§ **Stored data**
╭──

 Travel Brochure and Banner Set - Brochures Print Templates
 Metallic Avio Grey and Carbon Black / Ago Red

╰──
╭──

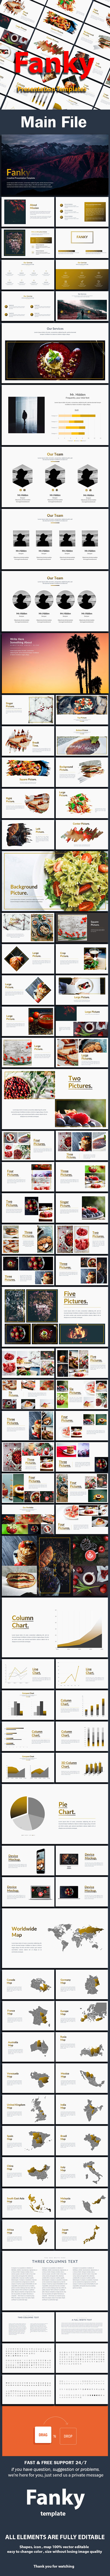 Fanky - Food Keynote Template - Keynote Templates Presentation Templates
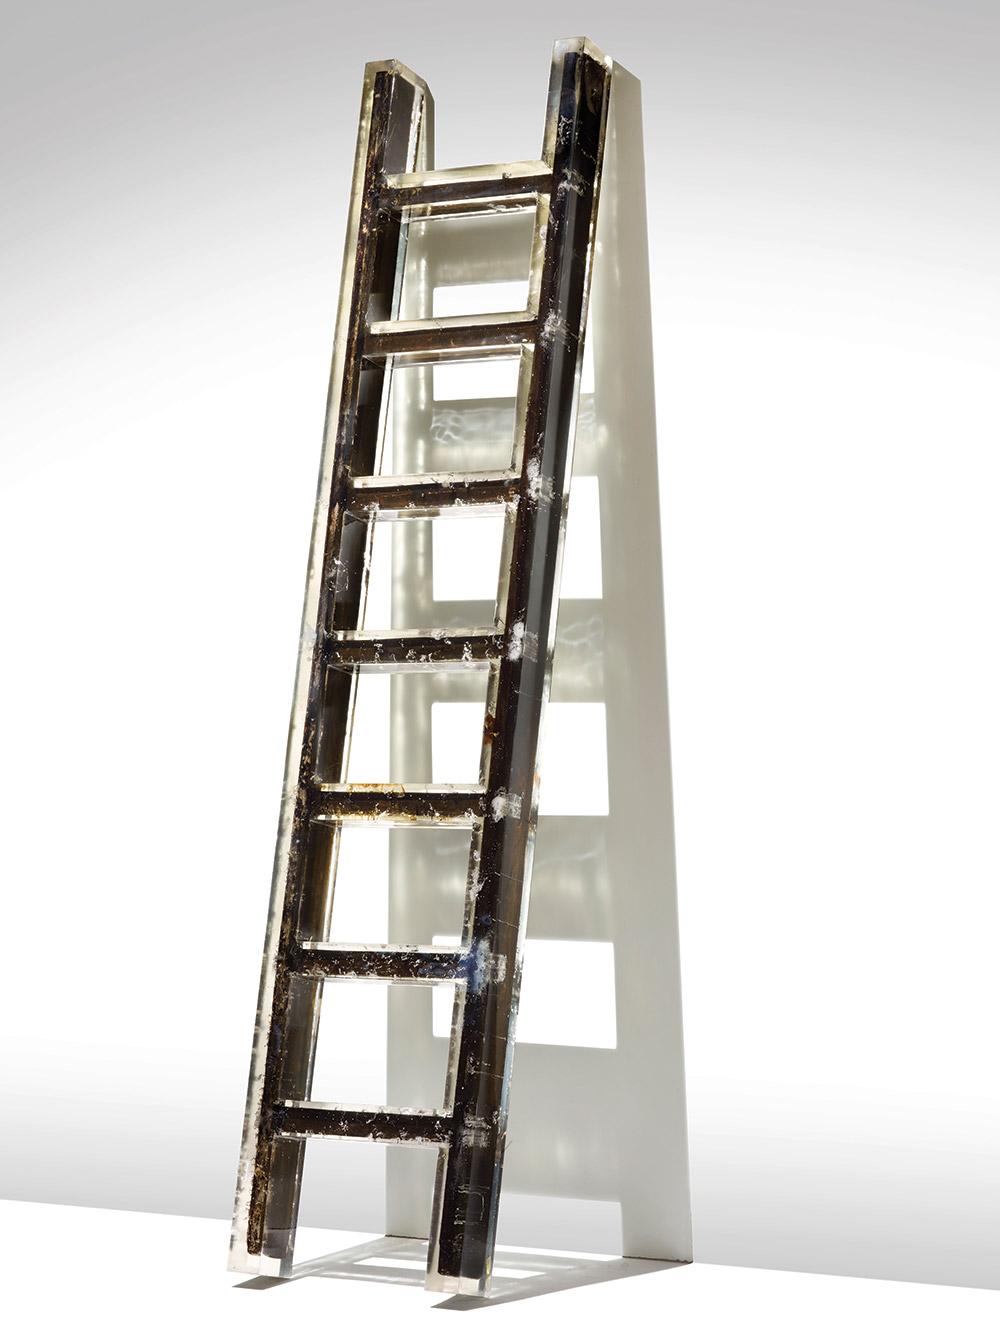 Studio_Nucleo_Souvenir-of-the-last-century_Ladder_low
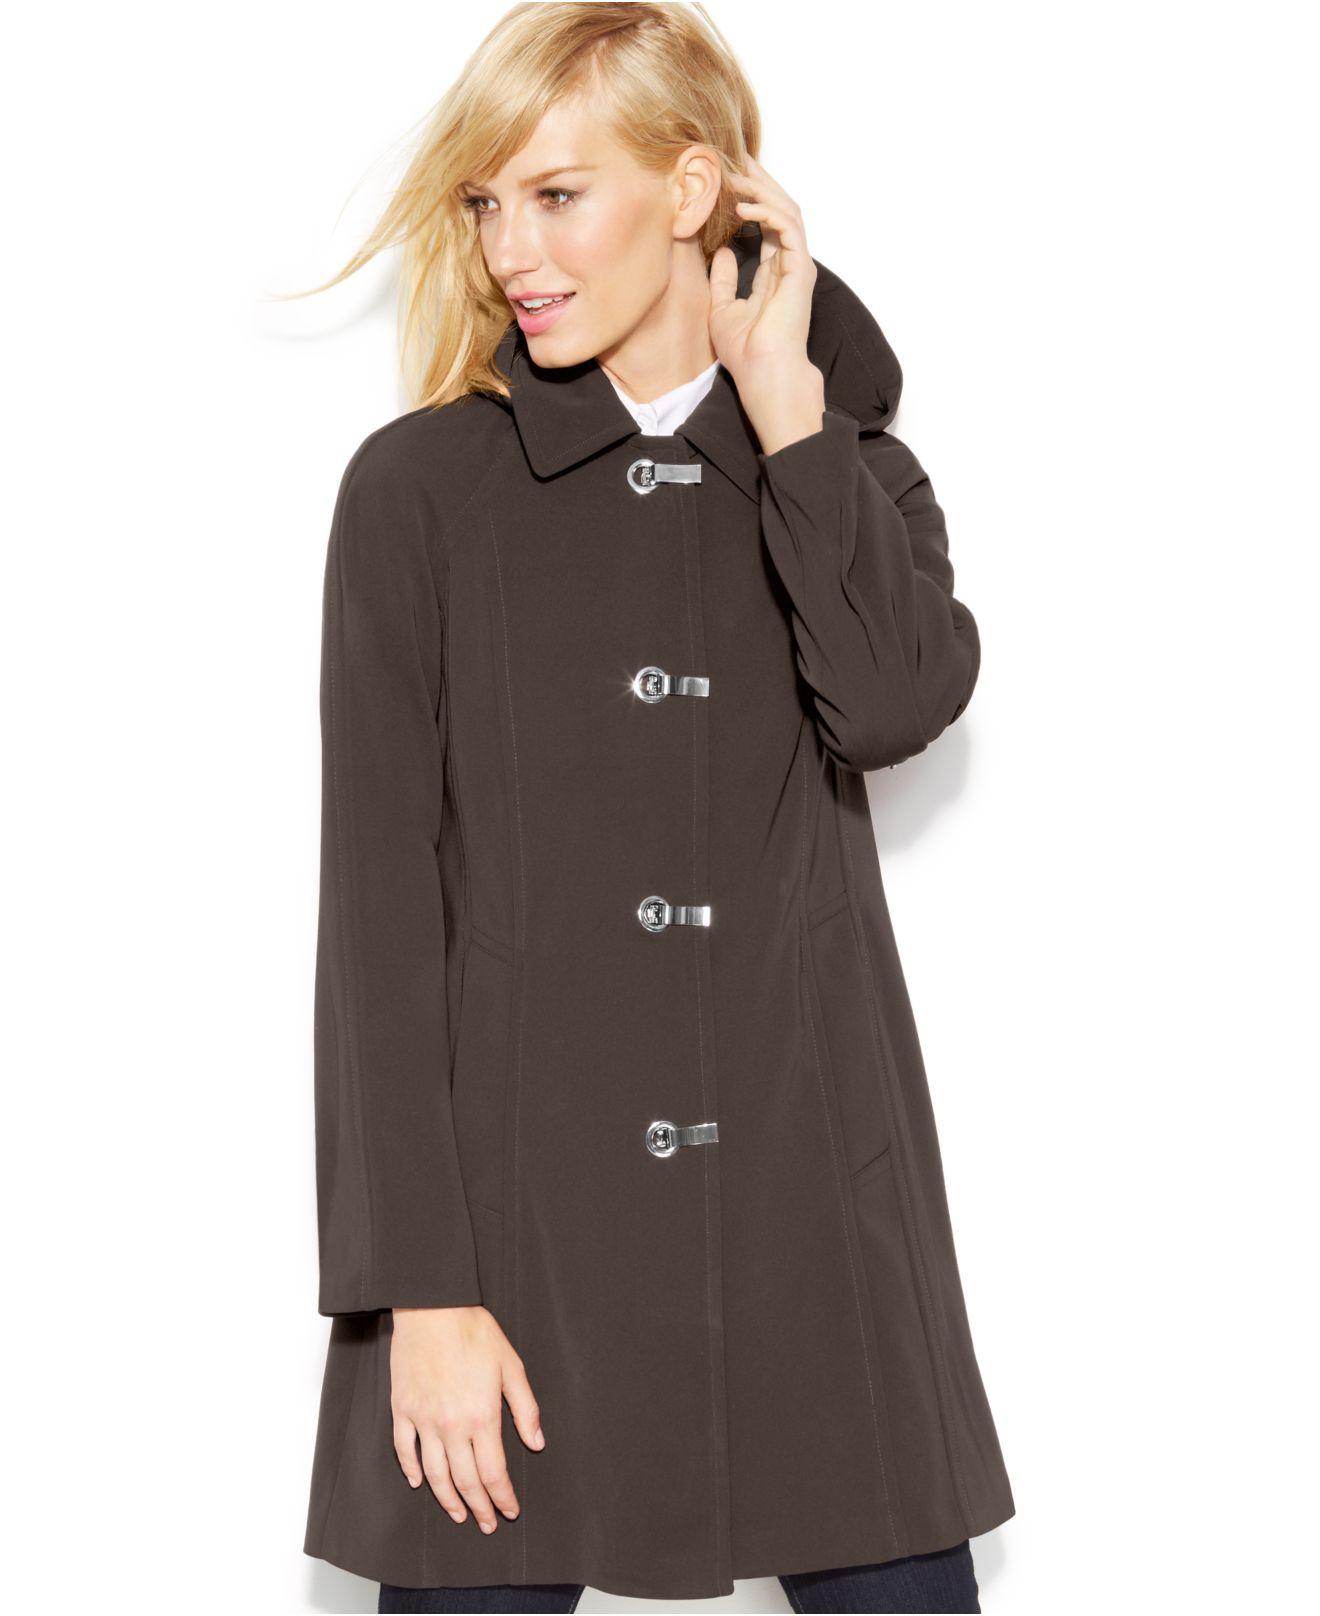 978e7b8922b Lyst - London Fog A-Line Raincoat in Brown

╰──

§ **Task goal**
Please copy the lines above exactly, starting at the line that holds "Fanky - Food" and ending at the line that holds "978e7b8922b Lyst - London"; include both, but no pictures.

§ **Solved exercise**
 Fanky - Food Keynote Template - Keynote Templates Presentation Templates
 Studio_Nucleo_Souvenir-of-the-last-century_Ladder_low
 978e7b8922b Lyst - London Fog A-Line Raincoat in Brown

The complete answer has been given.